Recently, both wireless communications technology and the performance of small devices have developed exponentially, while the number of services using various types of Internet of Things (IoT) devices has also massively increased in line with the ongoing technological and environmental changes. Furthermore, ever more devices that were previously used in the offline environment-including small-size sensors and CCTV-are being connected to the Internet due to the huge increase in IoT services.
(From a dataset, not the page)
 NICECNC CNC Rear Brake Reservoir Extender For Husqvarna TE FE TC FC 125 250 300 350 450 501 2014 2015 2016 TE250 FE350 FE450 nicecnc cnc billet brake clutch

However, many IoT devices are not equipped with security functions, and use vulnerable open source software as it is. In addition, conventional network equipment, such as switches and gateways, operates with vulnerabilities, because users tend not to update the equipment on a regular basis. Recently, the simple vulnerability of IoT devices has been exploited through the distributed denial of service (DDoS) from attackers creating a large number of botnets. This paper proposes a system that is capable of identifying Internet-connected devices quickly, analyzing and managing the vulnerability of such devices using Internet-wide scan technology. In addition, the vulnerability analysis rate of the proposed technology was verified through collected banner information. In the future, the company plans to automate and upgrade the proposed system so that it can be used as a technology to prevent cyber attacks.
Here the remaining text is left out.